3. proactive vulnerability analysis and risk prediction


Instead of just reacting to attacks, AI enables a proactive approach to security. By analyzing historical data and current trends, AI models can predict where and how your organization is most likely to be attacked.


  • Predictive analytics: AI can recognize patterns from past security incidents and use them to predict future attack scenarios. For example, it can predict that a particular component in a low-code application could be vulnerable to a new exploit. Intelligent vulnerability management: AI-powered scanners prioritize vulnerabilities not only by their technical severity, but also by their business criticality and likelihood of exploitation. This ensures that your team closes the riskiest gaps first.

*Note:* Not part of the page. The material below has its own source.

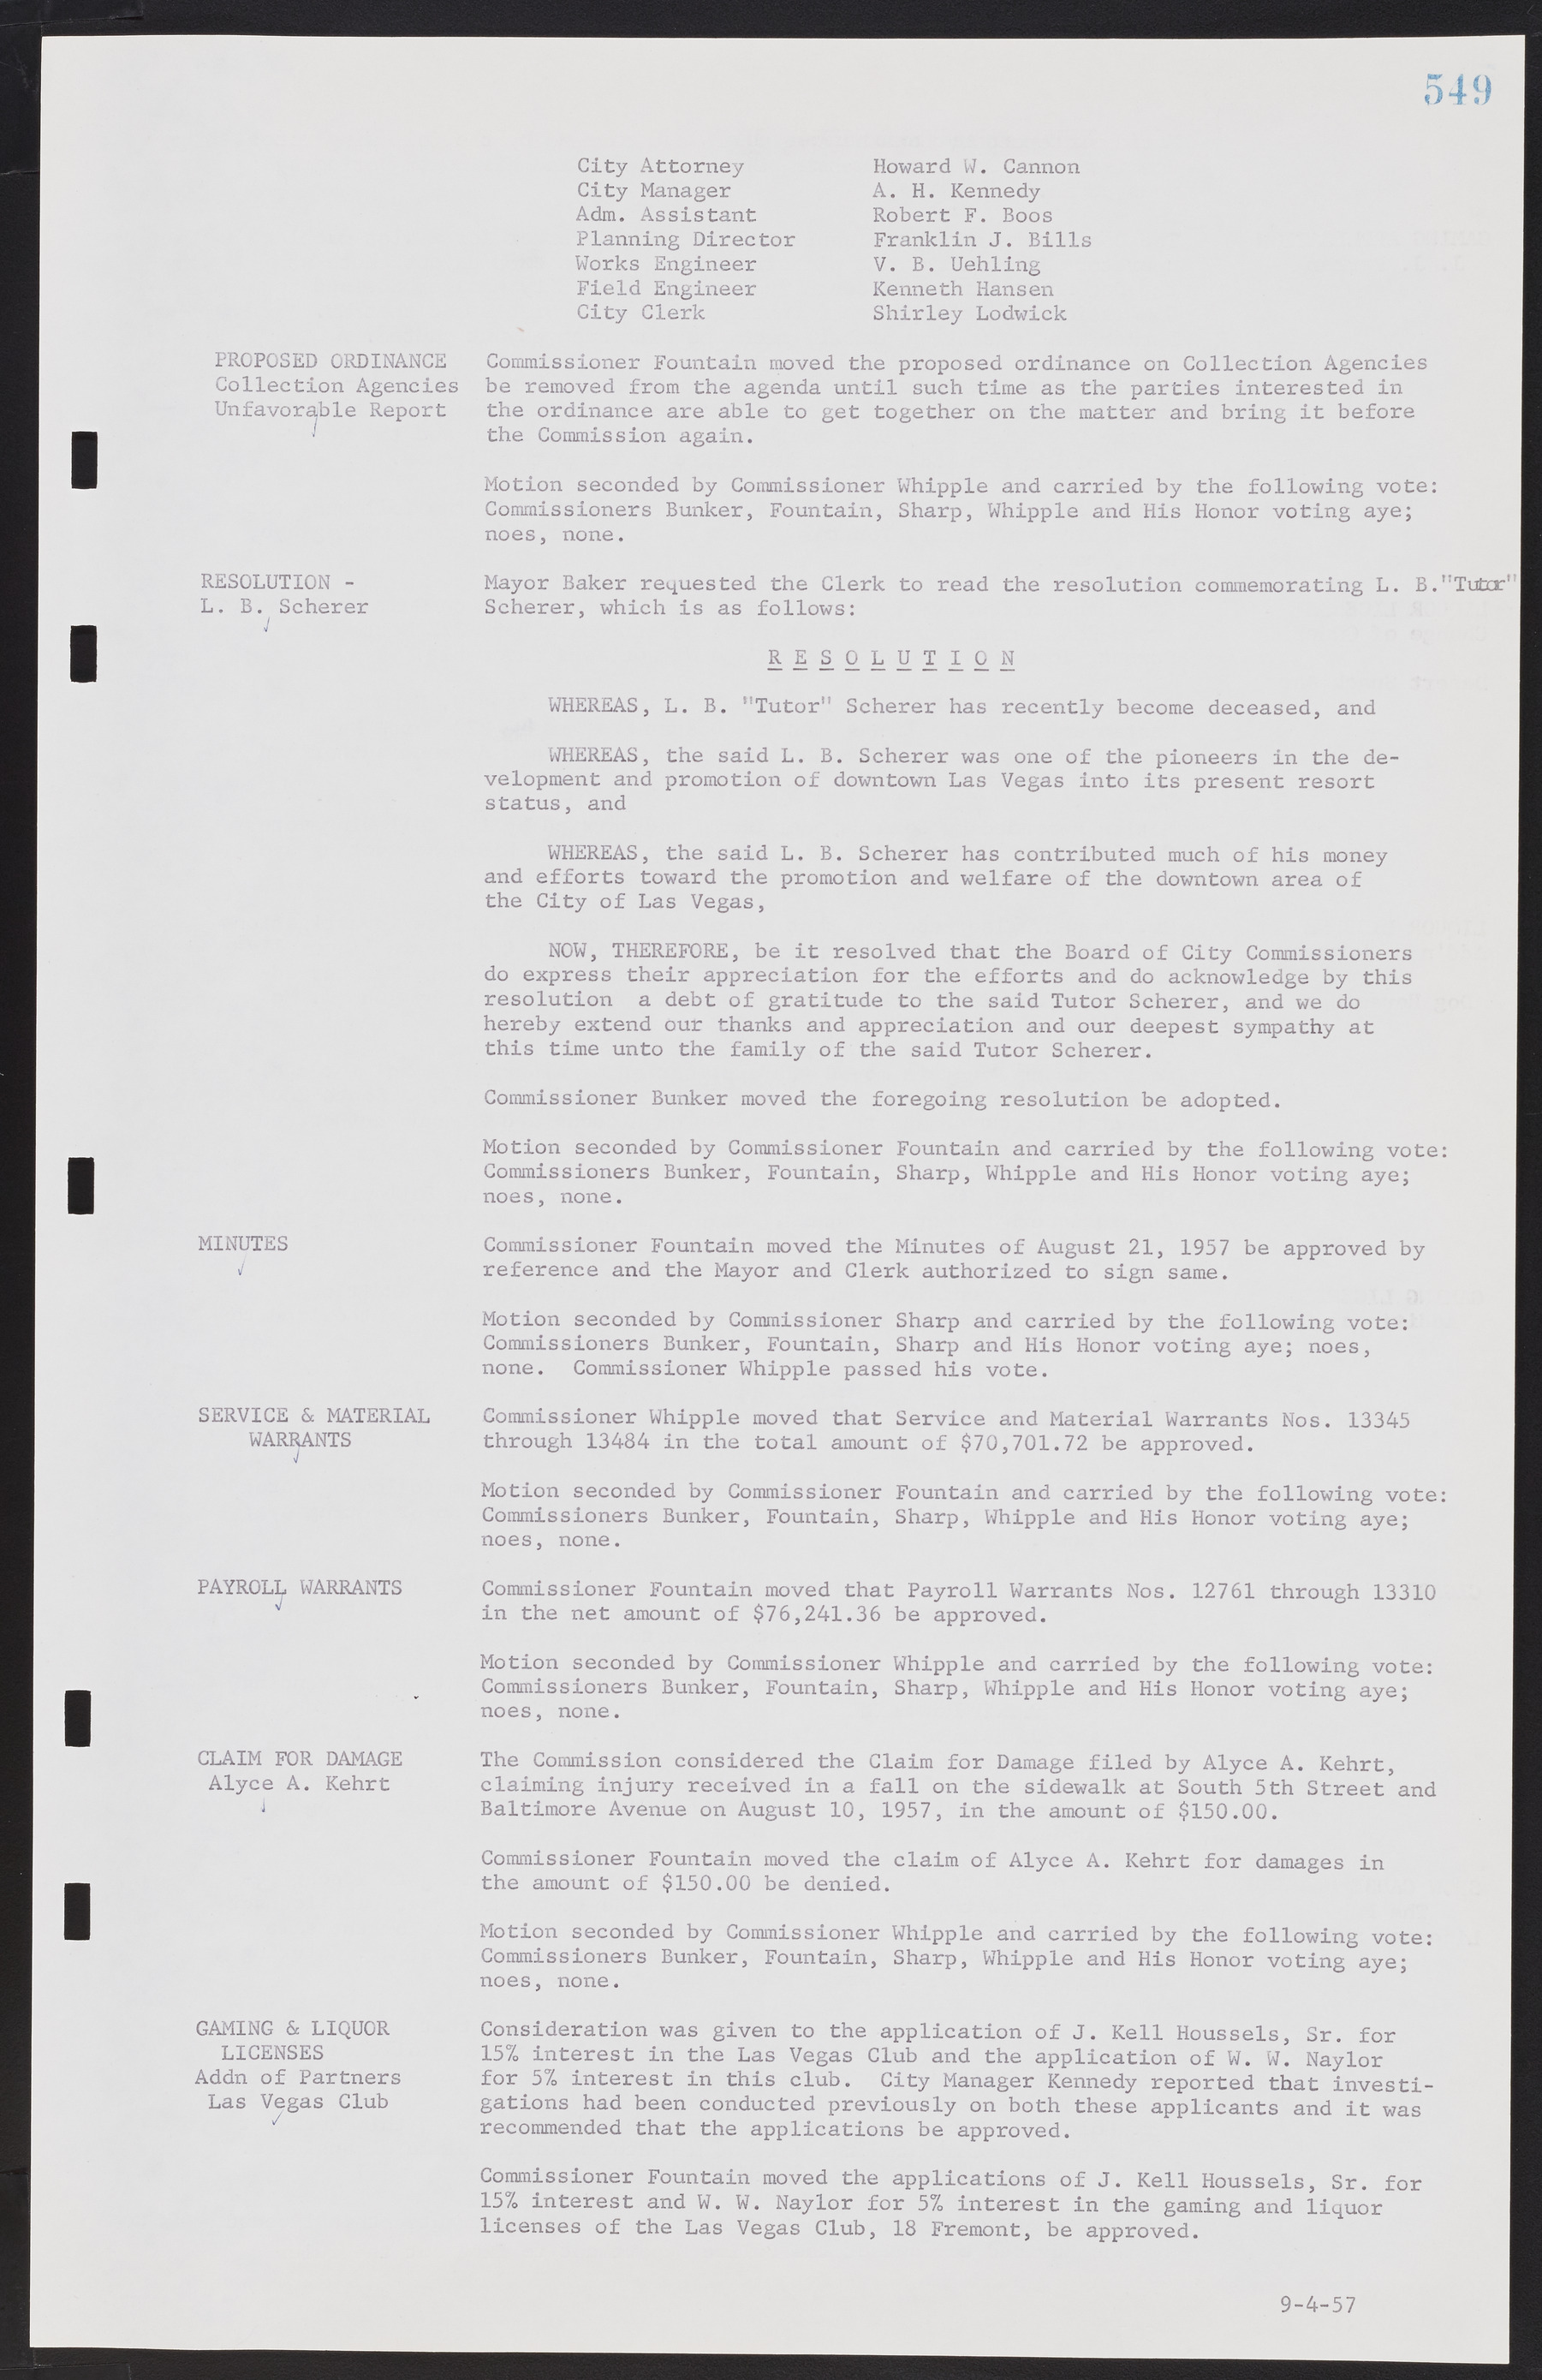 Las Vegas City Commission Minutes, September 21, 1955 to November 20, 1957, lvc000010-569

4. scalable security for a growing application landscape


Low-code platforms are fueling the "citizen development" movement, where employees without in-depth IT knowledge create applications. This is leading to an explosion in the number of applications. AI security scales effortlessly with this growth.

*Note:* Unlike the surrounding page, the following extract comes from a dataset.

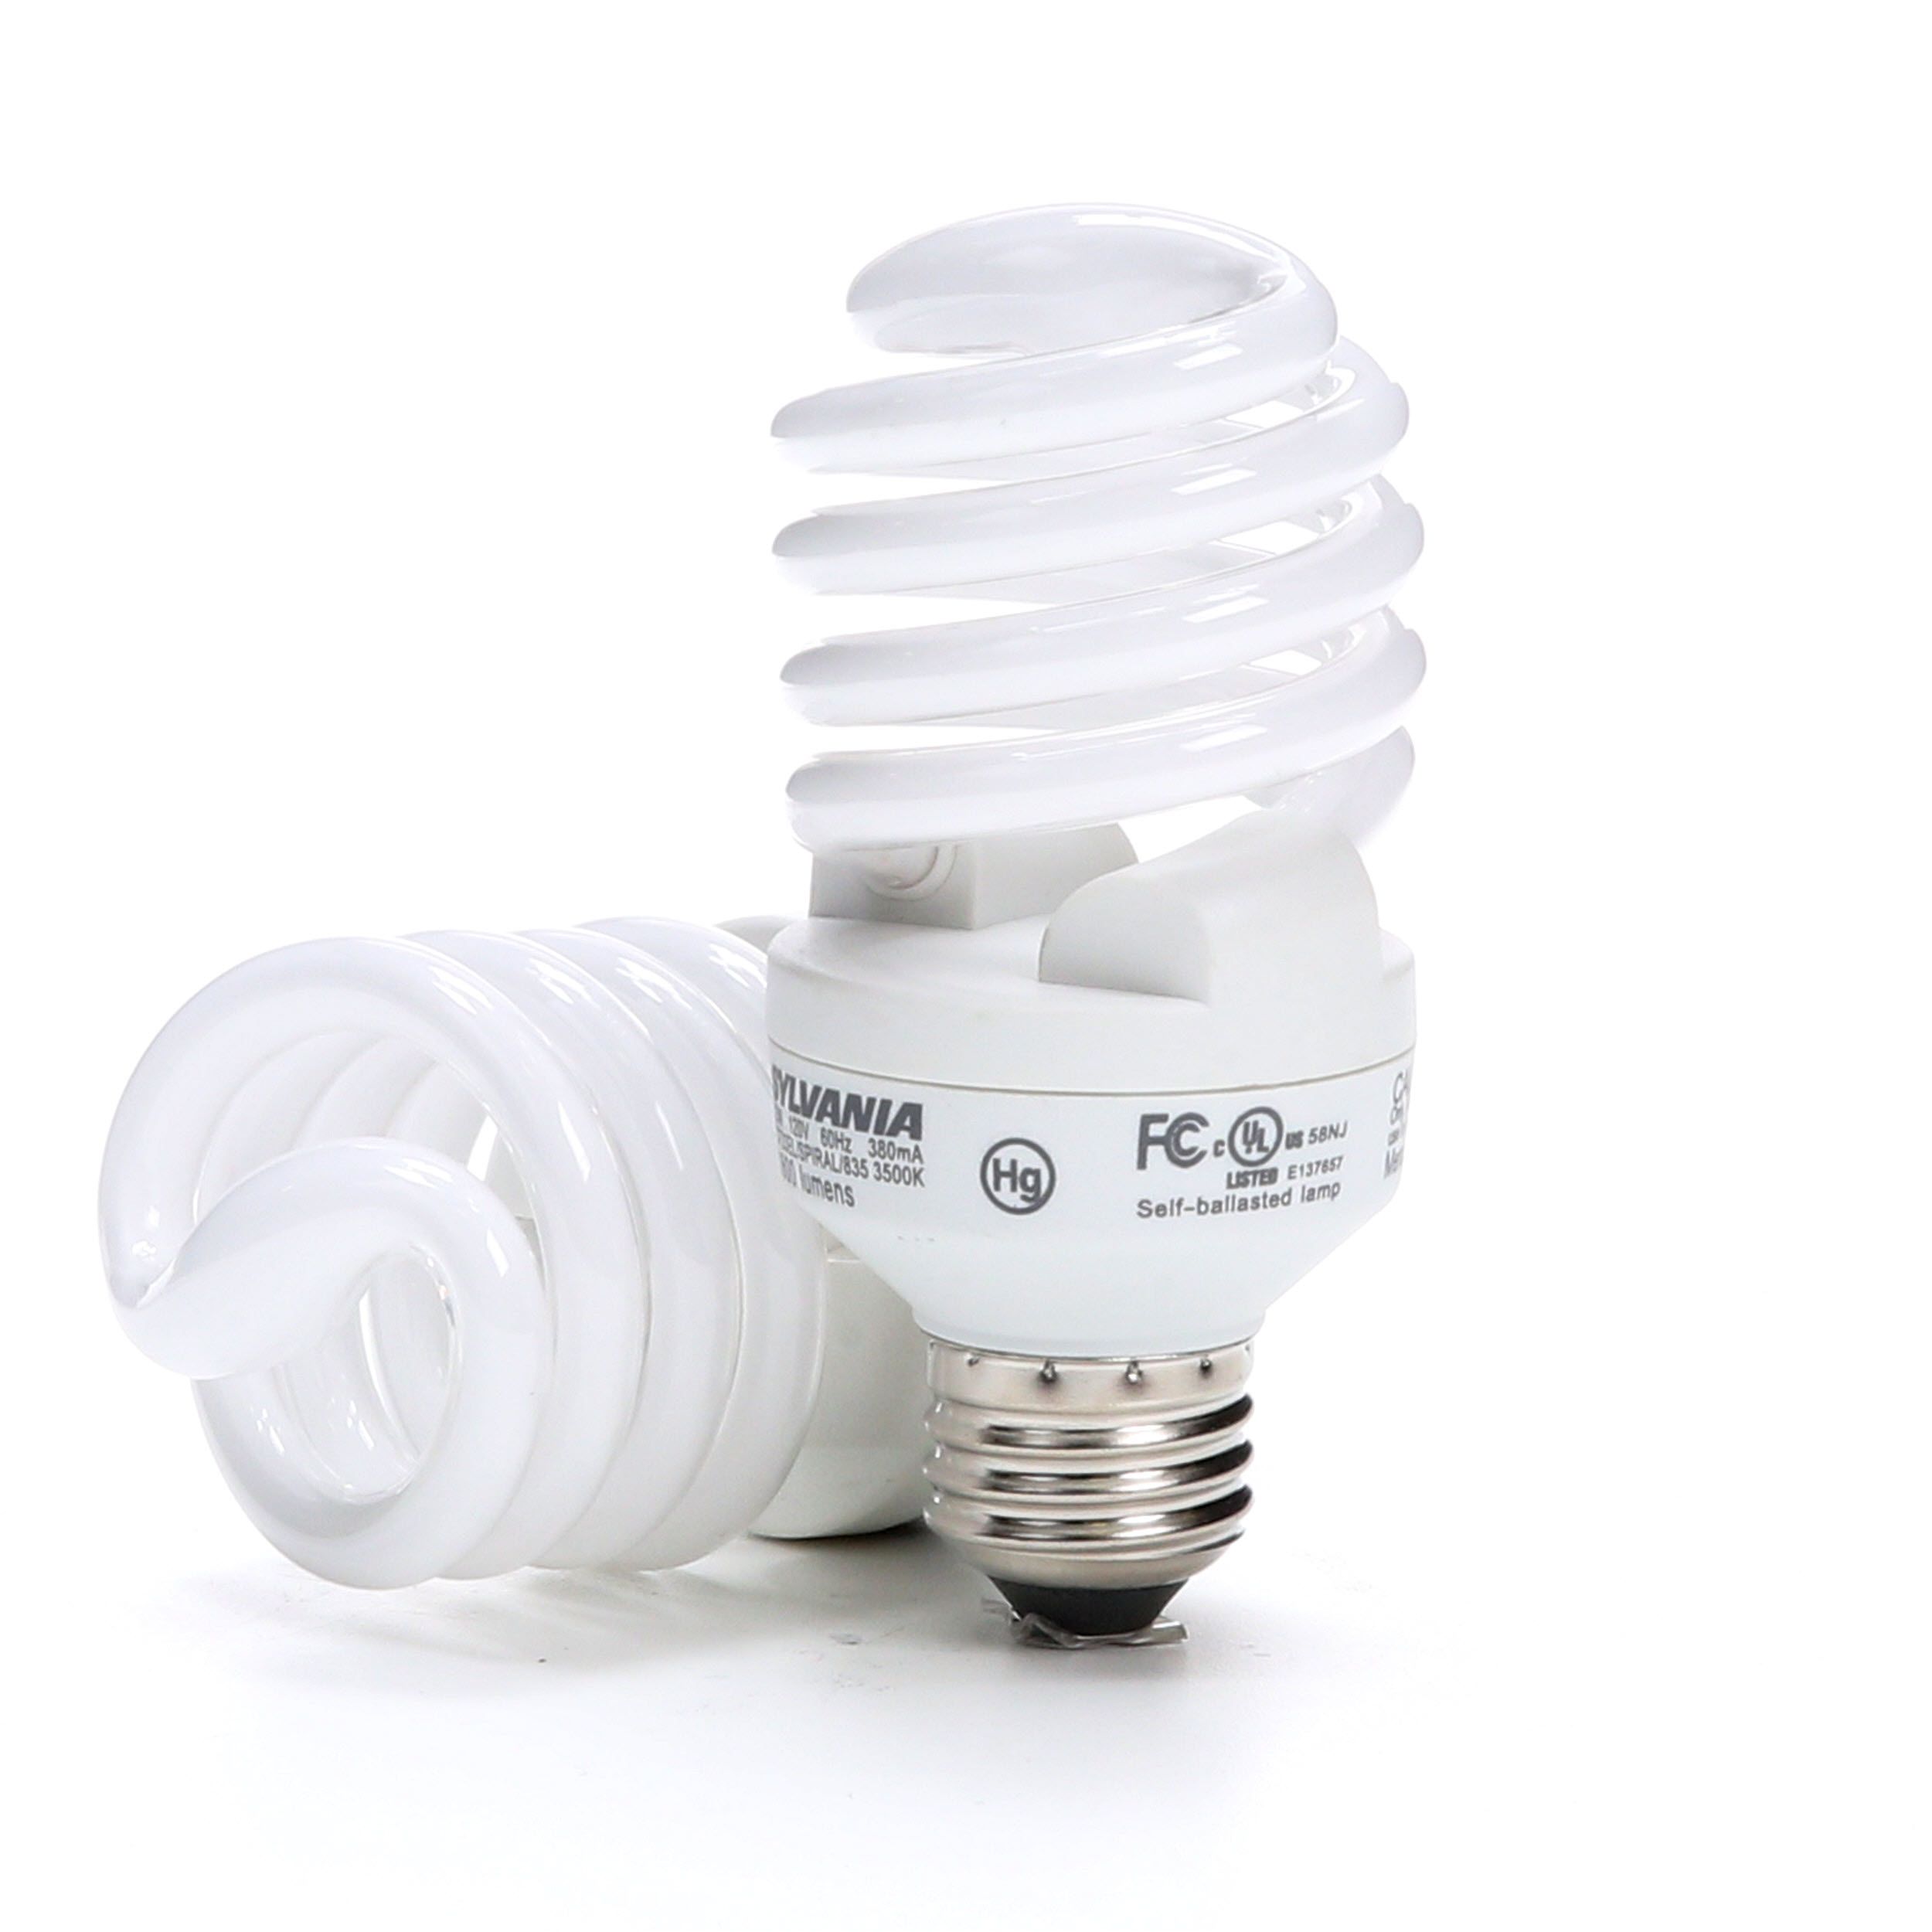 TCP CFL Spring Lamp 100w Equivalent Bright White Light Bulb 3500k for sale online

  • Adaptability: AI systems can handle growing volumes of data and applications without the need for a proportional increase in resources.

  • Consistent security standards: Regardless of who creates an application, a centralized AI-driven security platform ensures that basic security policies and checks are applied automatically and consistently to all new applications.


5. intelligent compliance and governance 🏛️


In regulated industries, compliance with standards such as GDPR, HIPAA or FedRAMP is non-negotiable. The dynamics of low-code can complicate governance. AI automates and simplifies this process.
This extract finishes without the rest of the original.